Доложив о прибытии, Шевцов первым делом отправился в казарму. Угрюмое кирпичное здание, судя по остаткам краски когда-то бодрого терракотового цвета, теперь, под пелесым налетом песка и пыли, выглядело удручающе усталым. Внутри было сумрачно: и без того небольшие оконца сплошь завешены пропыленными противомоскитными пологами. Пакостная охряная пыль казалась вездесущей, покрывая все – от стен до простыней.

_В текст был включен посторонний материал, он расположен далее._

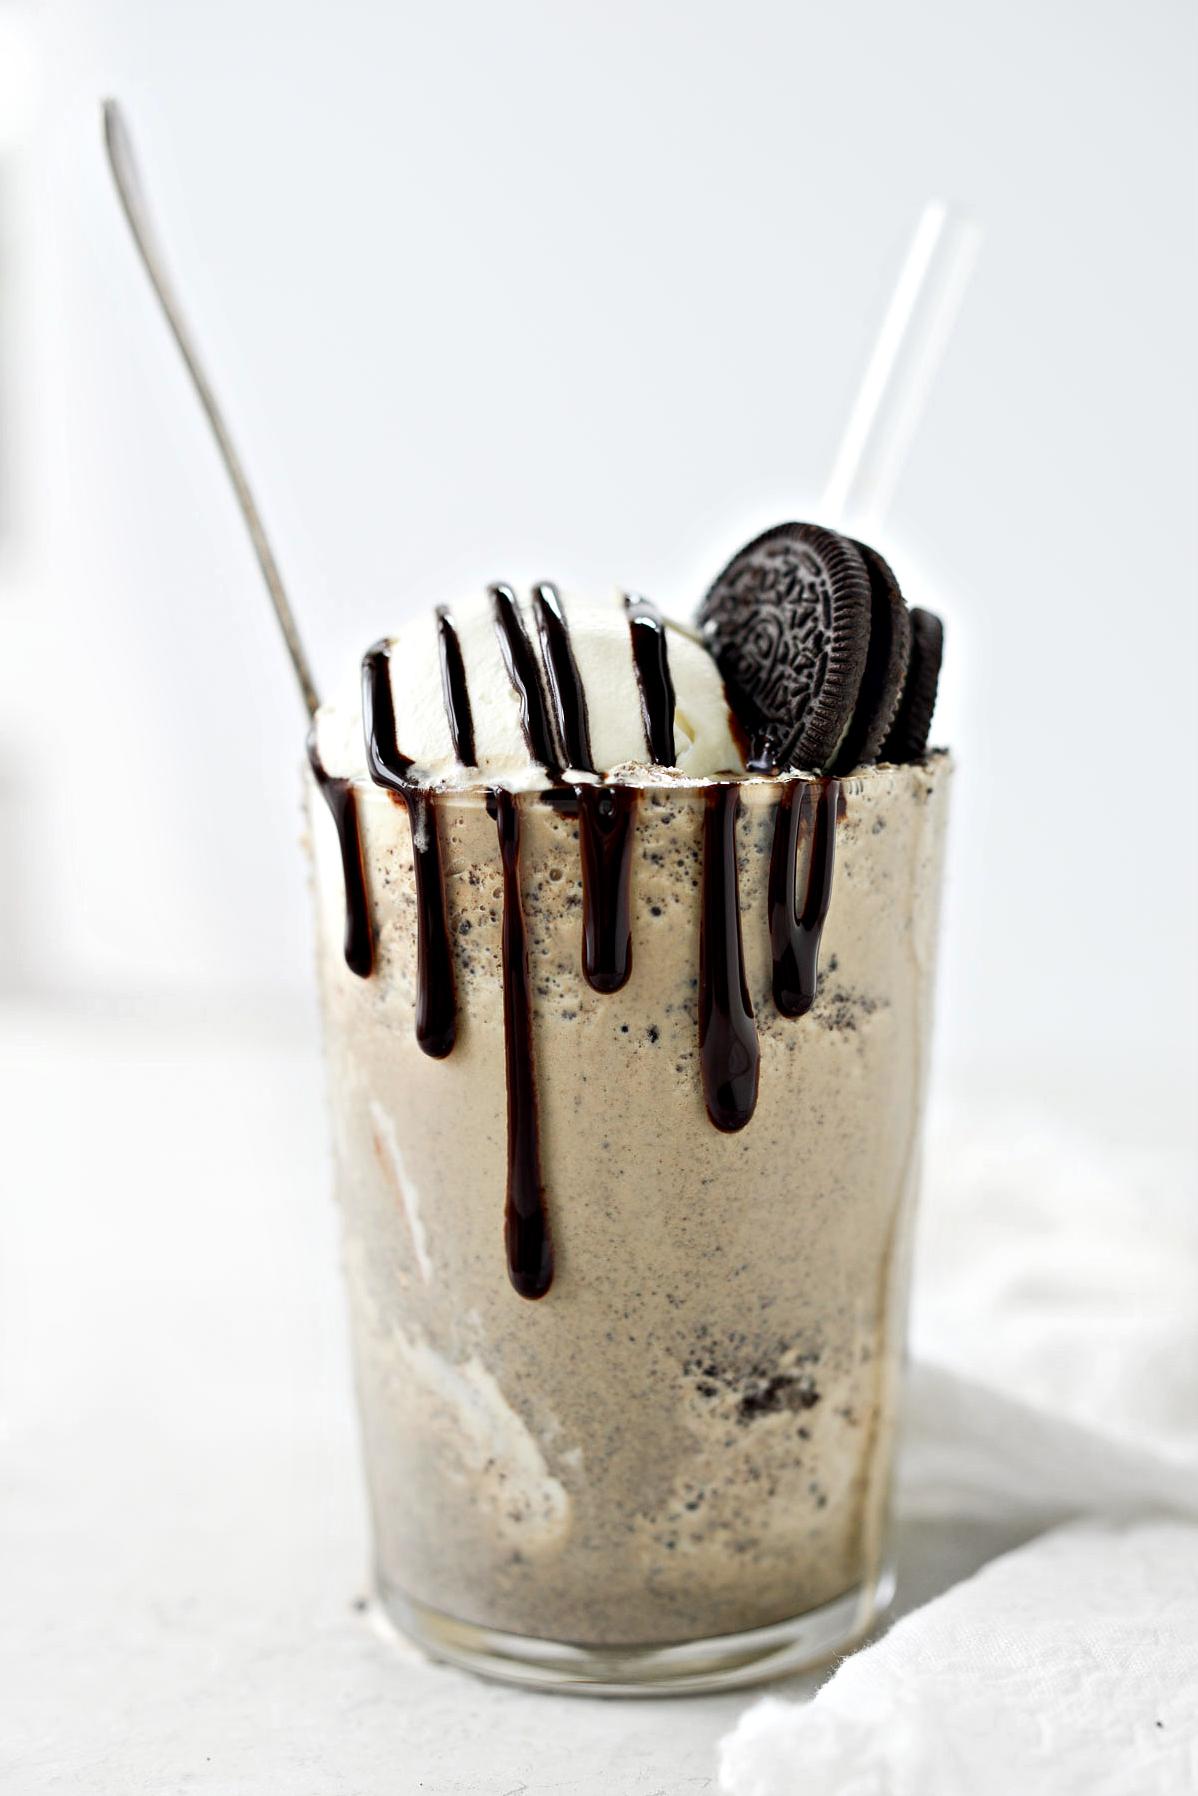  For an afternoon treat or dessert, try this easy creamy espresso milkshake!

В жилой комнате Шевцов обнаружил человека с сероватым оттенком лица и без отличительных знаков на мундире. Мучимый колотившей его дрожью, тот едва отреагировал на уставное приветствие Шевцова.
– После, благородие, после! В лазарет я…
Шевцов озадаченно оглянулся: с угловой койки ему отсалютовал с вялой небрежностью господин в расстегнутом офицерском мундире и несвежей гимнастерке:
– Новоприбывший? Полно козырять, здесь формальности соблюдать не принято.
– Прошу прощения… Вы сказали – «формальности»?
– Скоро обживешься. Привыкнешь к местным порядкам. Духота, братец ты мой, невыносимый зной! И пылища… А ты покрывальце-то не убирай: ночью натурально закостенеешь. Здесь к осени температурные перепады. Я уже второй год привыкнуть не могу. Кошмарный климат. В голове не укладывается, как эти сарыки сумели здесь приспособиться.